第40話 孫堅

           ※

「いいか。逆らう者は切れ!」

孫堅が、部下に命令を出した。このまま何も恩賞を受けずに故郷の呉には帰れまい。また地上戦で活躍出来なければ、呉の人間は水軍は上手いが陸地では役にたたないと言われるだろう。丘に上がった河童だと呼ばれると思った。宮中の向かって来る近衛兵を蹴散らしながら奥に進む。今後の足掛かりとなる活躍しなければならないと焦っていた。


「うわあー!」

突然、柱の影に隠れていた近衛兵が、叫び声を上げながらかかってきた。それを孫堅は、刀を一振りし右腕を切り落とした。

「ぎゃあー!」

近衛兵は、自分の右腕が一瞬にして無くなった事に驚いたのか、痛みで声を上げたのかはわからない。そして返す刀でもう一方の腕を切り落とした。

「うわああ」


近衛兵は数秒で、両腕が無くなり絶句し地面にもんどり打った。近衛兵たちが、力では負けるのか数をかけて襲って来た。

「どけー!邪魔をするな!」

その時、奥に子供を連れた人影が見えた。

「何だ?追うぞ!」

近衛兵が、邪魔をしようと身を投げ出しながら制止する。

「おまえたちの行為は立派だが、ただの犬死にだ。邪魔だてするな!」

近衛兵が、10人ほど並び行手を阻もうとした。たちまち孫堅の槍を持った部下が、両端を防御した。

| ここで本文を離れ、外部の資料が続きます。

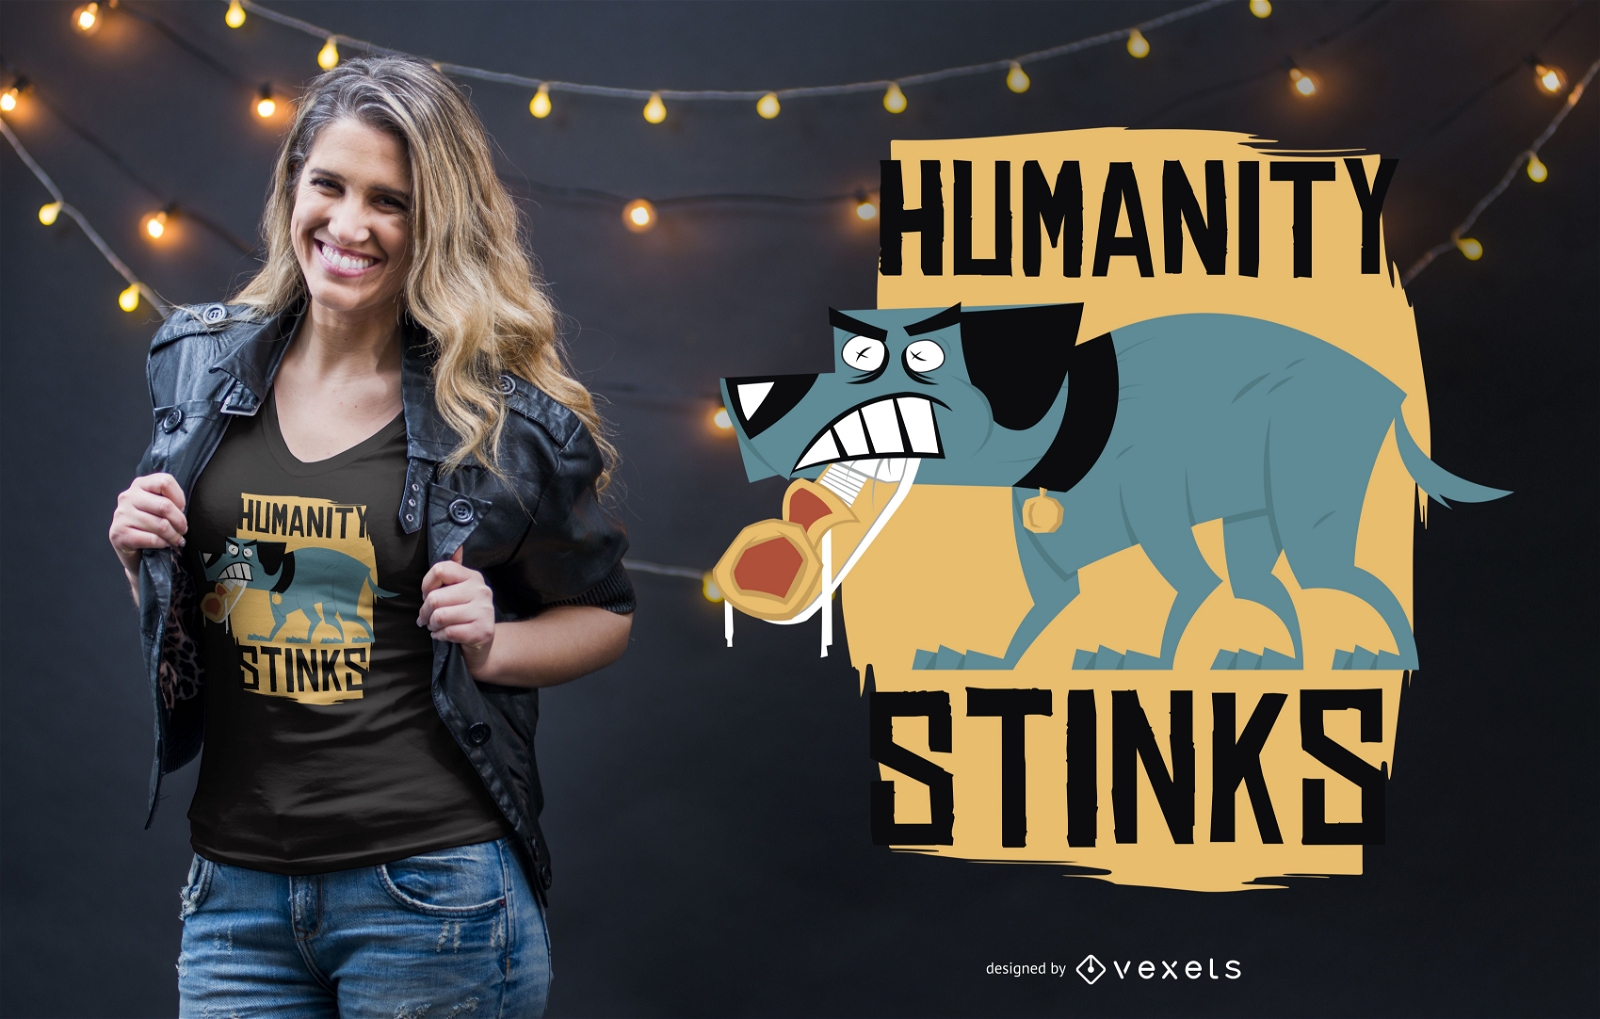 Humanity stinks t-shirt design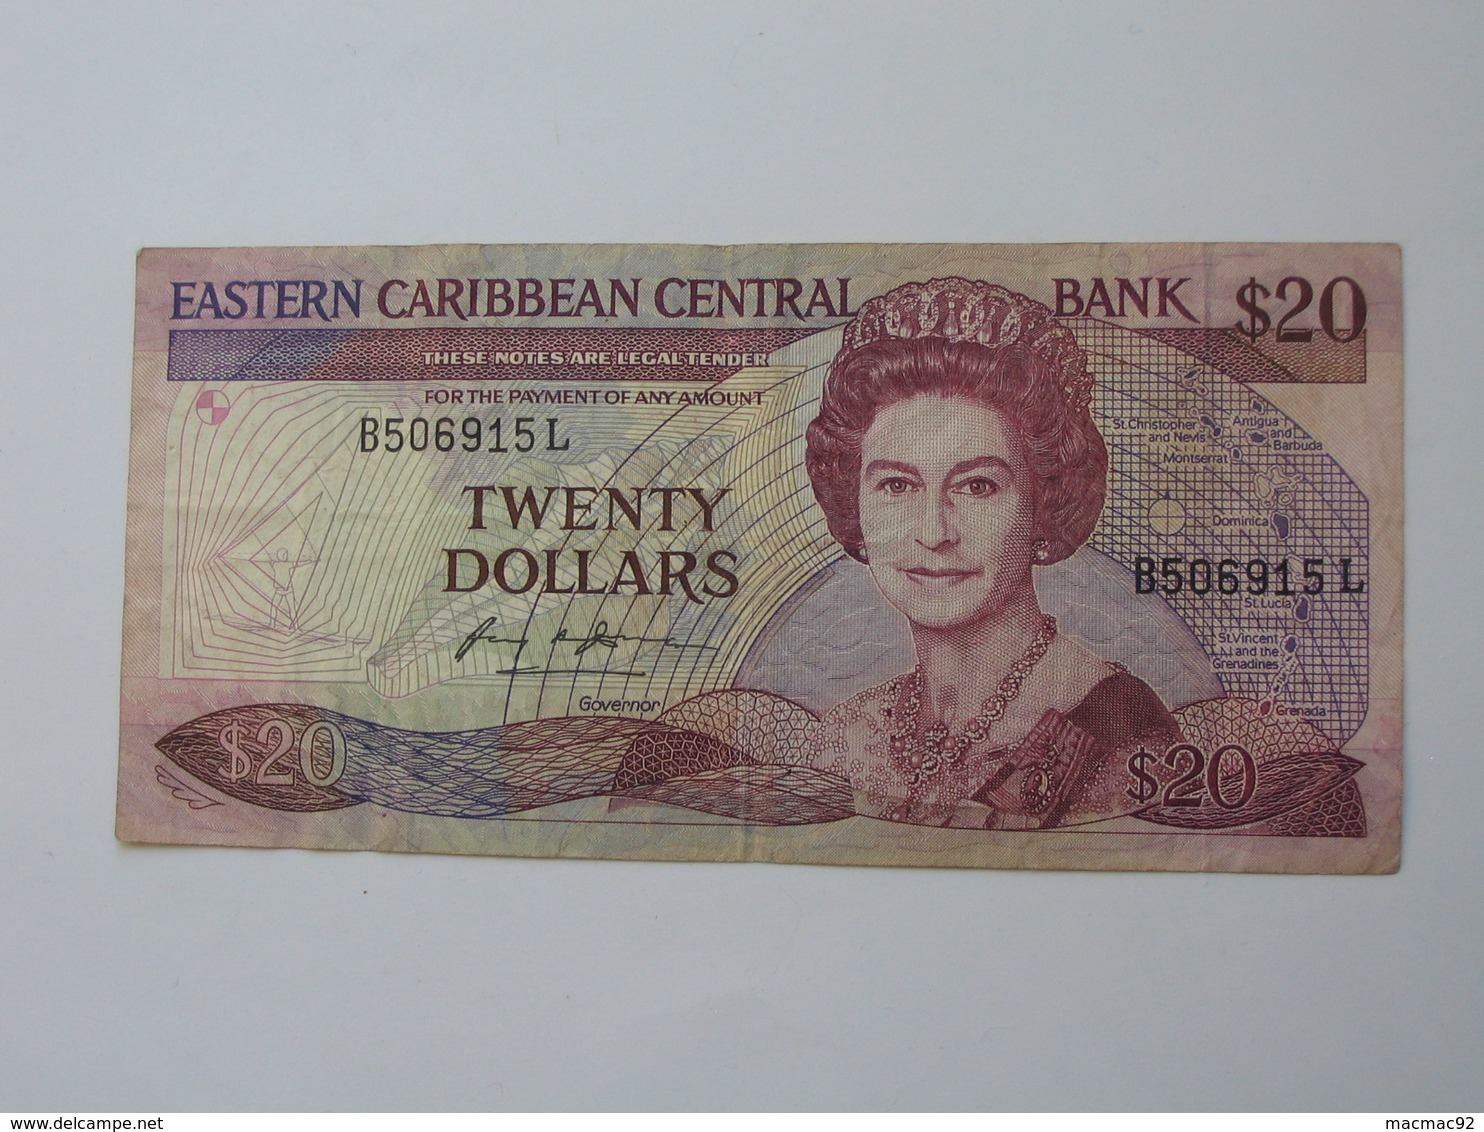 20 Twenty Dollars 1987-1988 Eastern Caribbean Central Bank **** EN ACHAT IMMEDIAT **** - Caraïbes Orientales

「ダァー!」と声を上げて槍を近衛兵に突き刺した。串刺しにされた近衛兵が、もがきながら床に倒れた。

「先をお急いでください」

部下たちが、近衛兵の防御の壁をこじ開けるとそう言った。


「追え!」

そう言って孫堅は、近衛兵たちと戦闘をしている中程を割って入っていった。人影を追いながら先を進むと、またもや近衛兵が襲って来た。切り付けながら身をかわすと先を急ぐ。人影が北宮を抜けて行くのが見えたからだ。『宮中を脱出されてしまう!』孫堅は焦りながら、近衛兵と対峙していた。


           ※

趙忠と郭勝は、2人の霊帝の遺児を逃そうと必死になっていた。趙忠の背中で劉弁(少帝)はシクシクと泣いていた。その一方で、陳留王(劉協)は何も言わず、郭勝の手をしっかり握りしめていた。

「泣いている場合ではありません!あなたは、先帝亡き後の漢王朝を継いでいるのですよ。政変に巻き込まれることもあるでしょう。覚悟なさい!」

郭勝がそう怒鳴りつけた。背後から孫堅の兵の声が聞こえて来た。

「死にたくなければ、いい加減自分の足で歩きなさい!」

郭勝が、劉弁(少帝)を趙忠の背中から引きずり下ろすように言った。劉弁(少帝)は仕方なく床に足を下ろした。

「よし、このまま走るぞ」

郭勝は、陳留王(劉協)を脇に抱えて走り出した。